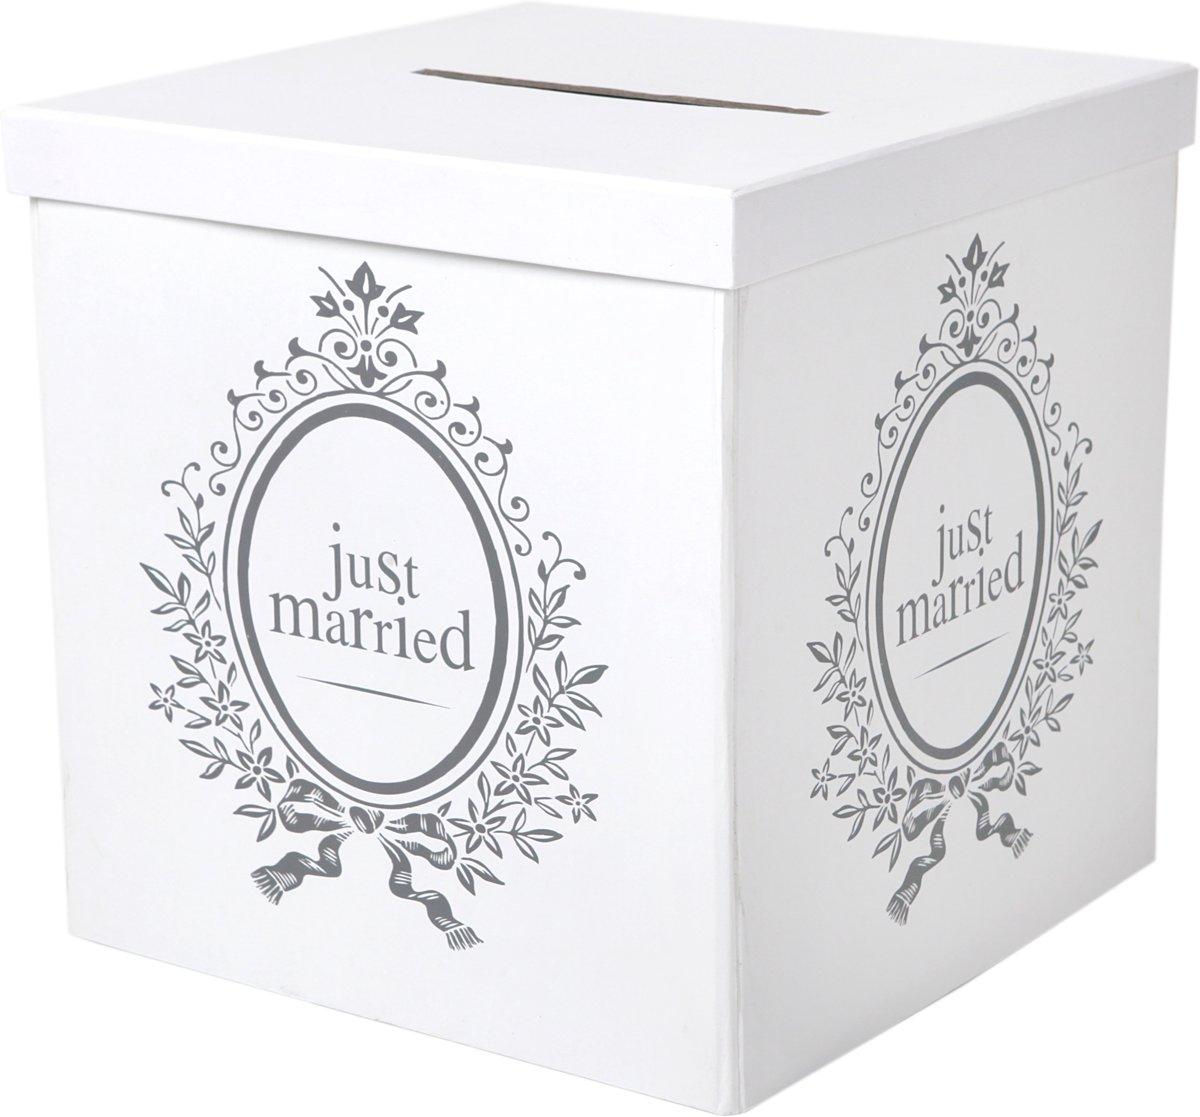 Santex Enveloppendoos Just Married - karton kopen
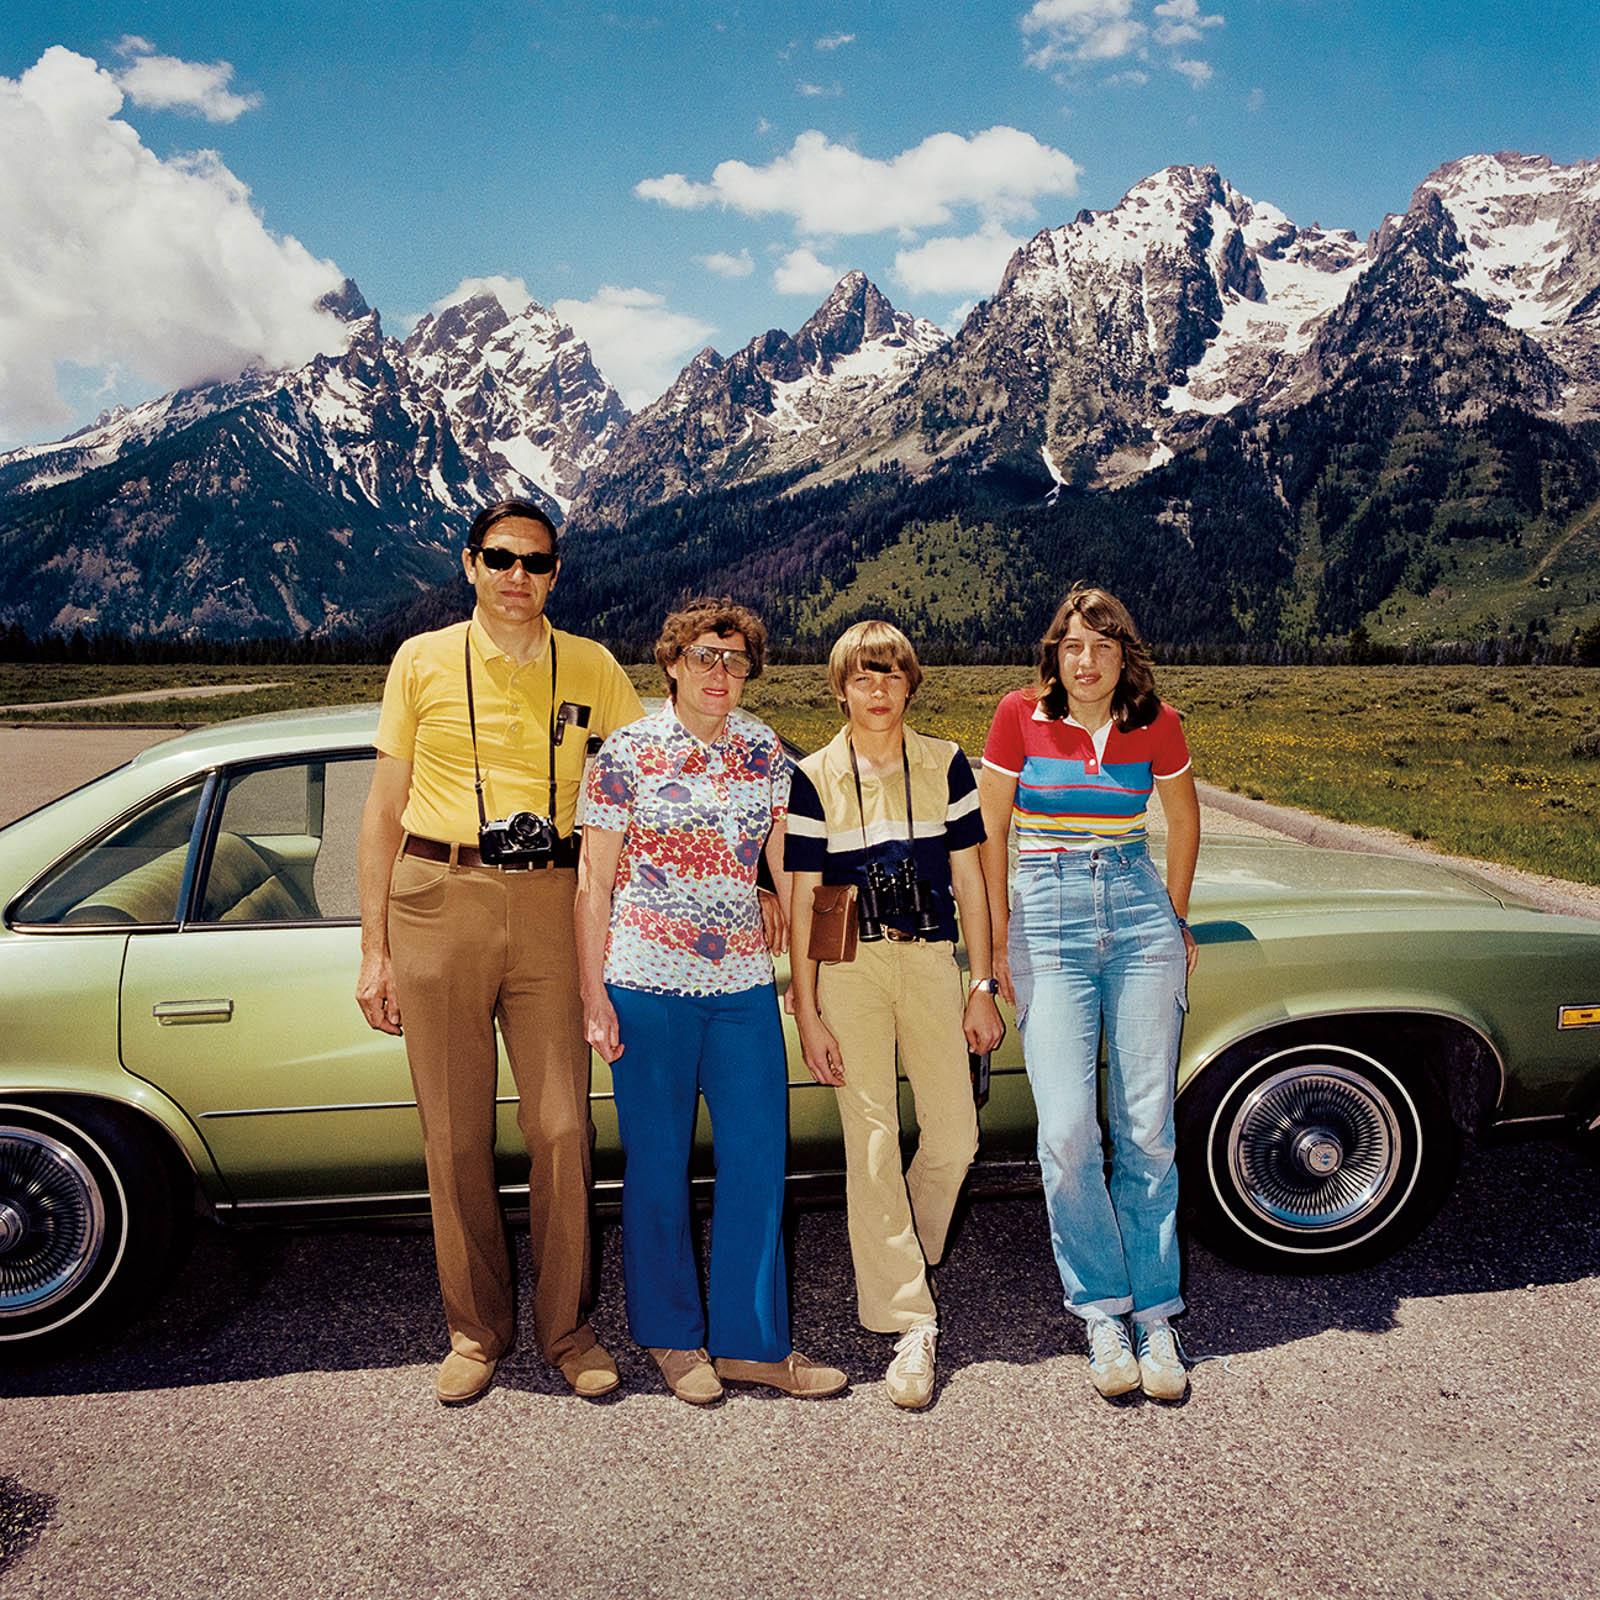 Family at Grand Tetons National Park, Wyoming 1980
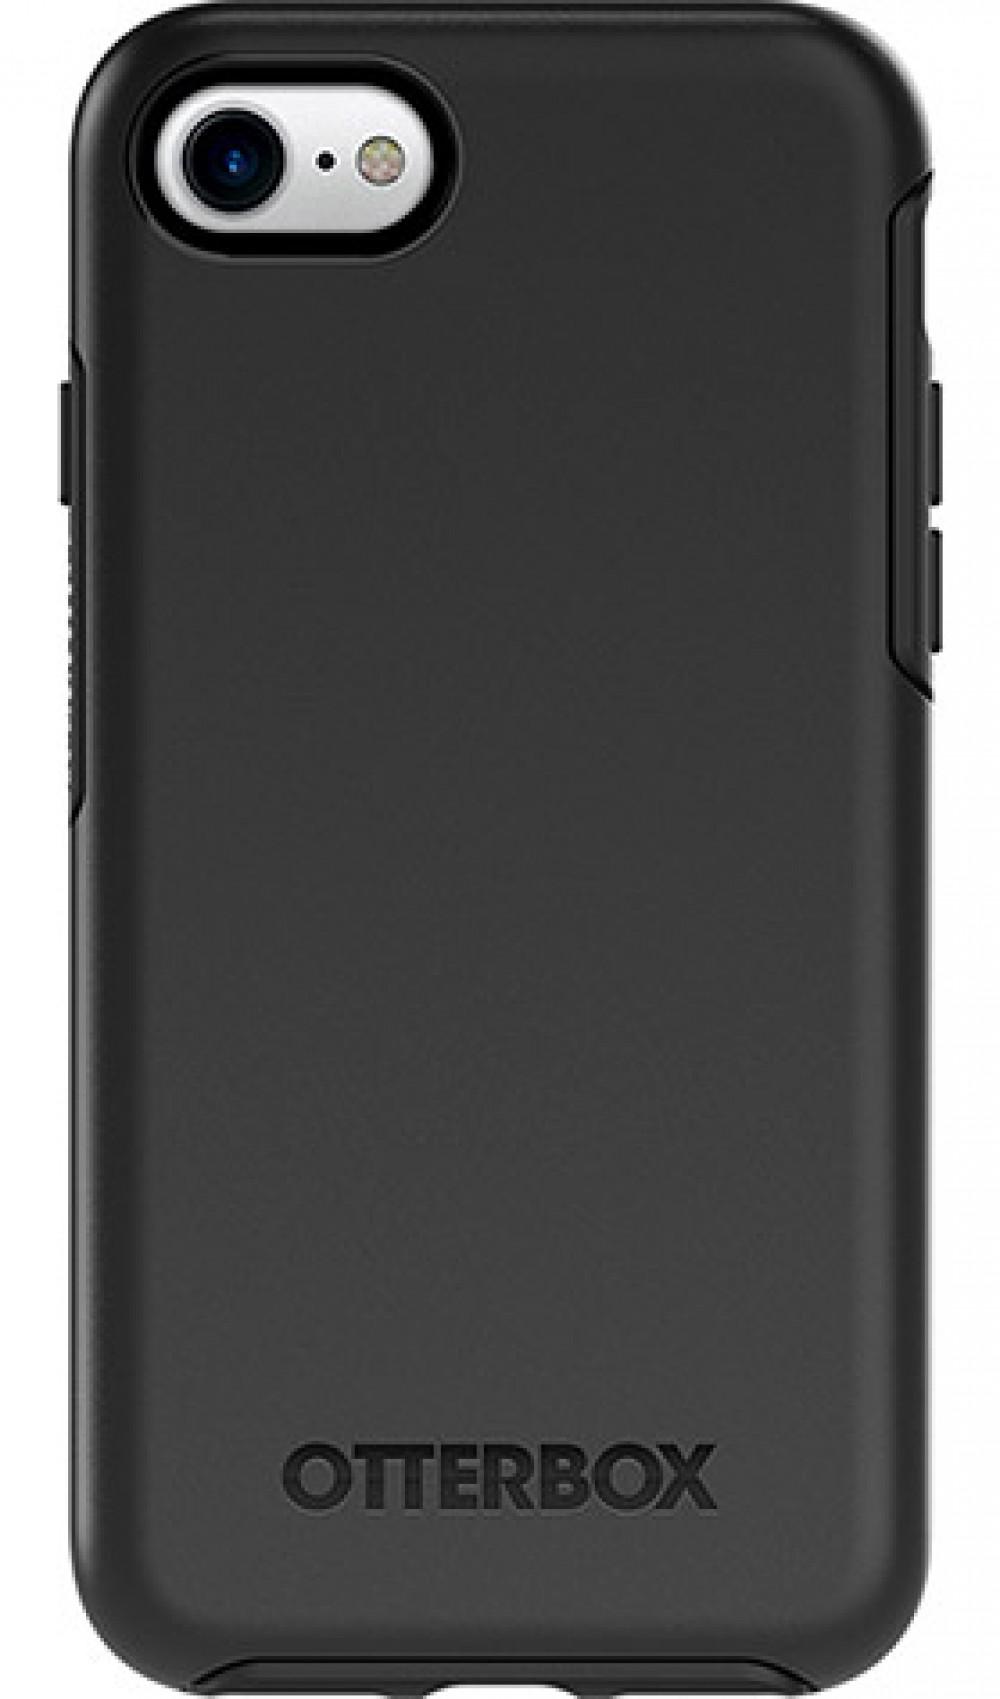 Otterbox case iPhone SE (gen. 2), iPhone 8/7 Black
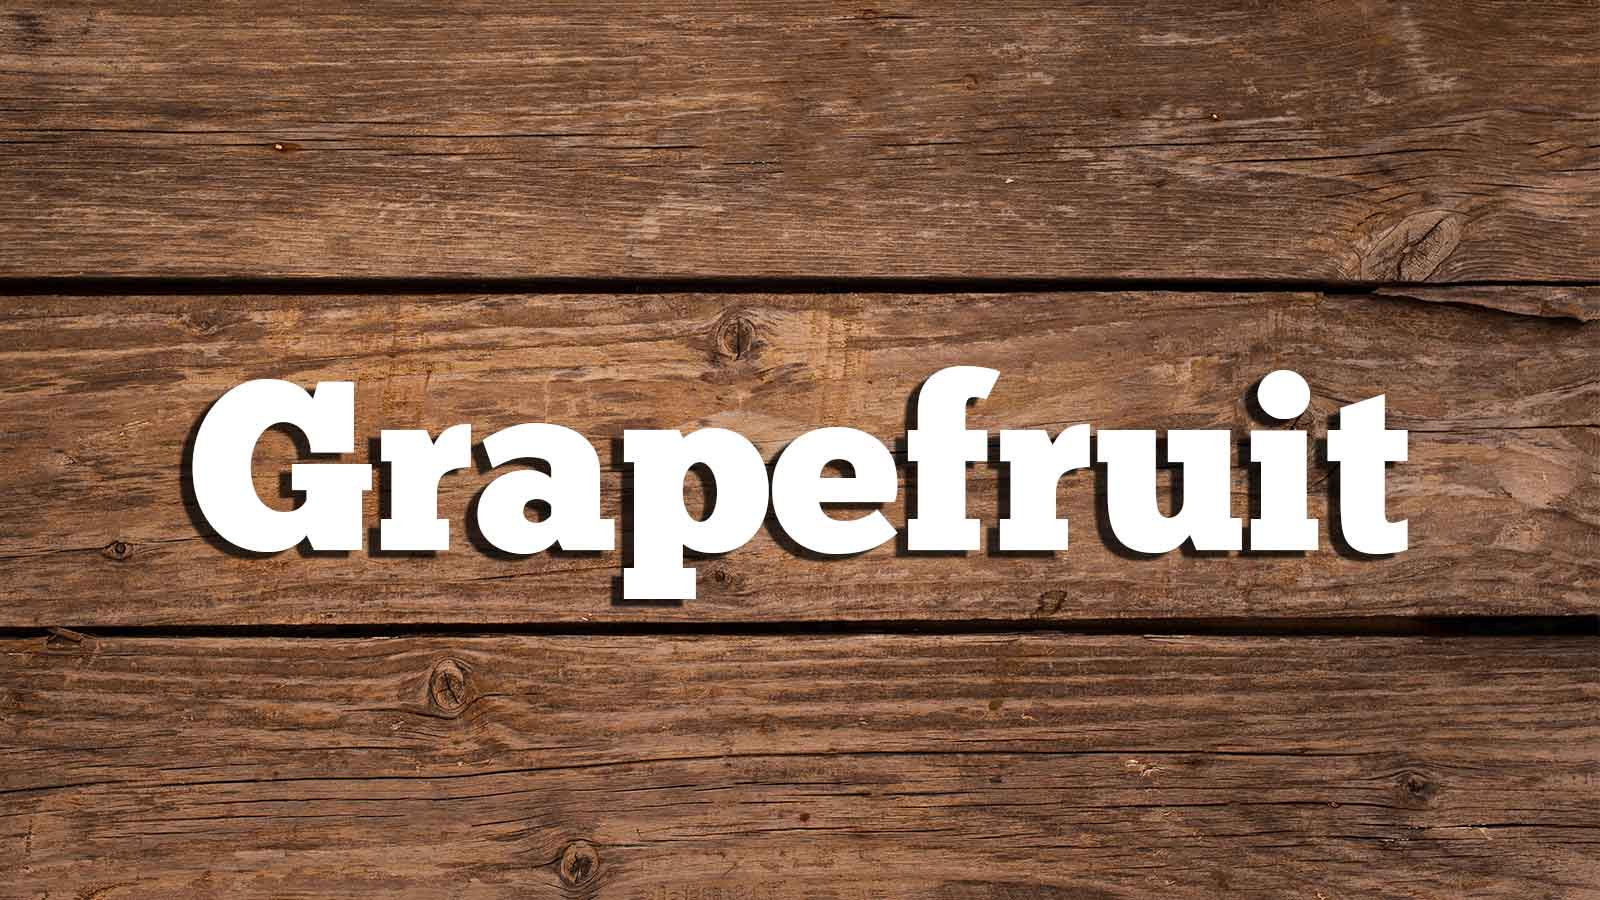 Image for Grapefruit

§ **Assigned task**
Copy out the material word for word, without any images.

§ **Reply to the task**
 Santex Enveloppendoos Just Married - karton kopen
 Family at Grand Tetons National Park, Wyoming 1980
 Otterbox case iPhone SE (gen. 2), iPhone 8/7 Black
 Image for Grapefruit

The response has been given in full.